TASK GOAL ▸ Below is a listing. Set down exactly the lines from the one containing "The Alphabet Written" through the one containing "Communal Lounge of", both ends included, and leave out the rest.

DATA LISTING ▸
---+---
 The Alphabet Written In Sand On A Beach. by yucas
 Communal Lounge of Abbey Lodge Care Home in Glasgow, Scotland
---+---
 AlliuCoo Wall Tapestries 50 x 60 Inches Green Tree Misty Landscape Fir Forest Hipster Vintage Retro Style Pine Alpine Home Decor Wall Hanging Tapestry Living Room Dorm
---+---
EXERCISE RESPONSE ▸
 The Alphabet Written In Sand On A Beach. by yucas
 Communal Lounge of Abbey Lodge Care Home in Glasgow, Scotland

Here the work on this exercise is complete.